While the inflicted pain of the economic sanctions and the low oil price is mounting in Russia, the average ‘Igor Six-Pack’ has no understanding for the nature and reason of these sanctions. Consequently, the sanctions might reinforce position of Vladimir Putin, instead of weakening it.

Soon, I and my family will visit Russia once again. In spite of the fact that – with the 75th birthday of my mother-in-law – we have a merry motive for visiting this economically battered country, it will be a fully different visit than the last time I was there.

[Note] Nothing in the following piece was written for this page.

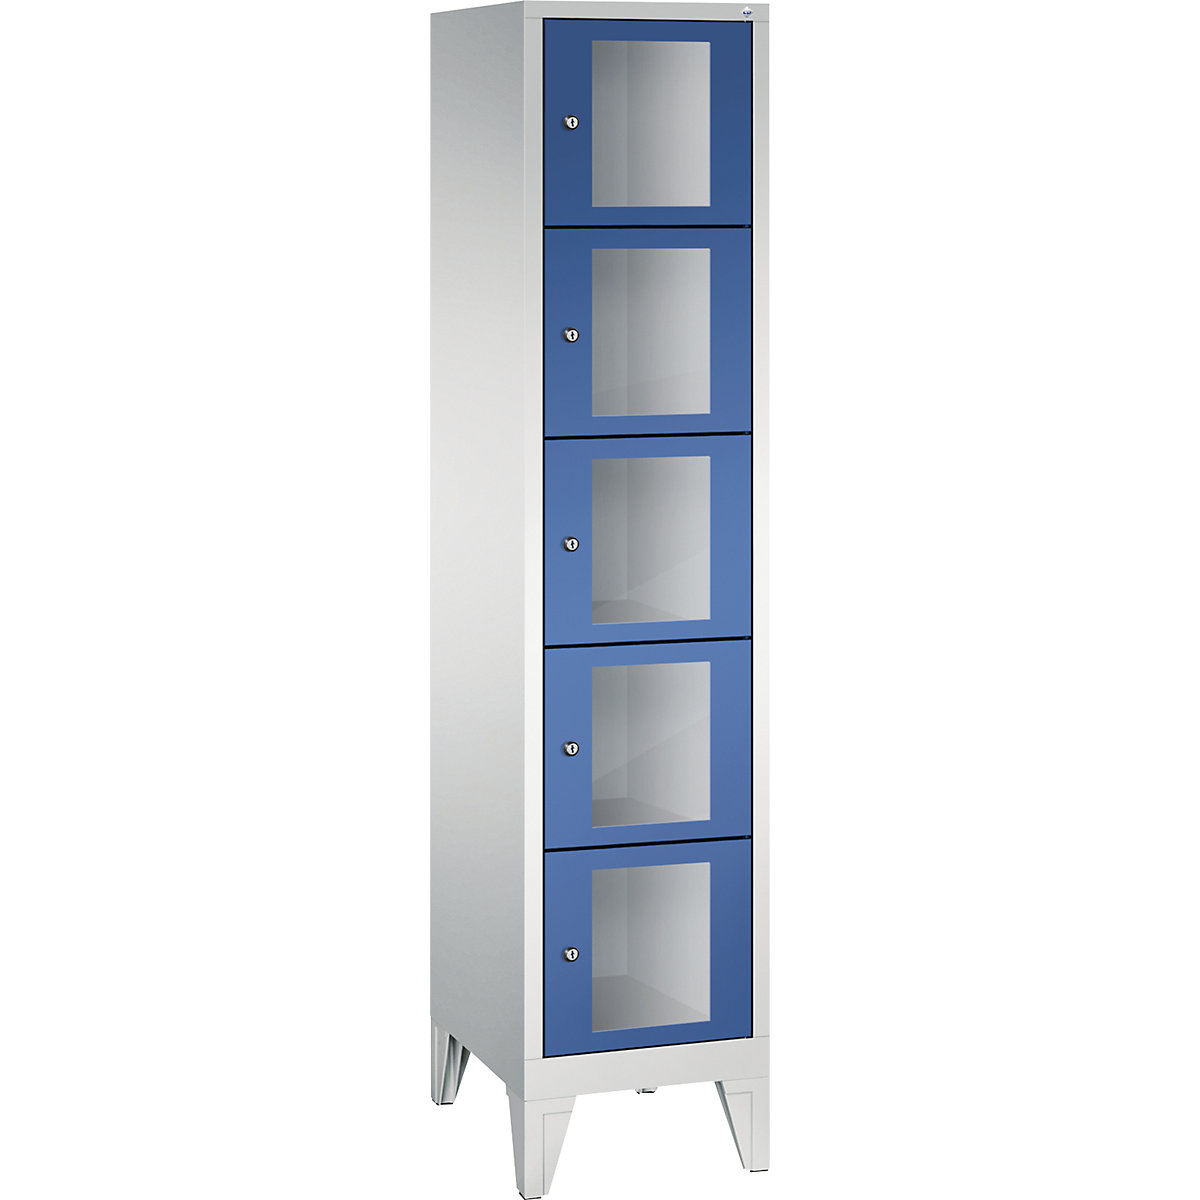 C+P – CLASSIC locker unit, compartment height 295 mm, with feet, 5 compartments, width 420 mm, gentian blue door

My last visit to Russia was a visit to a country, that slowly, but surely improved itself and turned into a more normal, more modern and almost western country, with recognizable problems and its normal share of growing pains. Not perfect, but definitely on its way to a better future. Especially, when you took into consideration where the country came from in the Nineties of last century, the changes seemed remarkable.

The inequality of the Russian population was still huge and the particular problems – alcoholism, corruption, bureaucracy, lack of genuine economic growth (growth not borne by the oil and gas industry), underdevelopedness and clientelism – were yet one-of-a-kind.

Nevertheless, it seemed that the mounting middle-class of normal Russians with normal, respectable jobs, as well as normal success and prosperity, would lead to more economic stability for the future.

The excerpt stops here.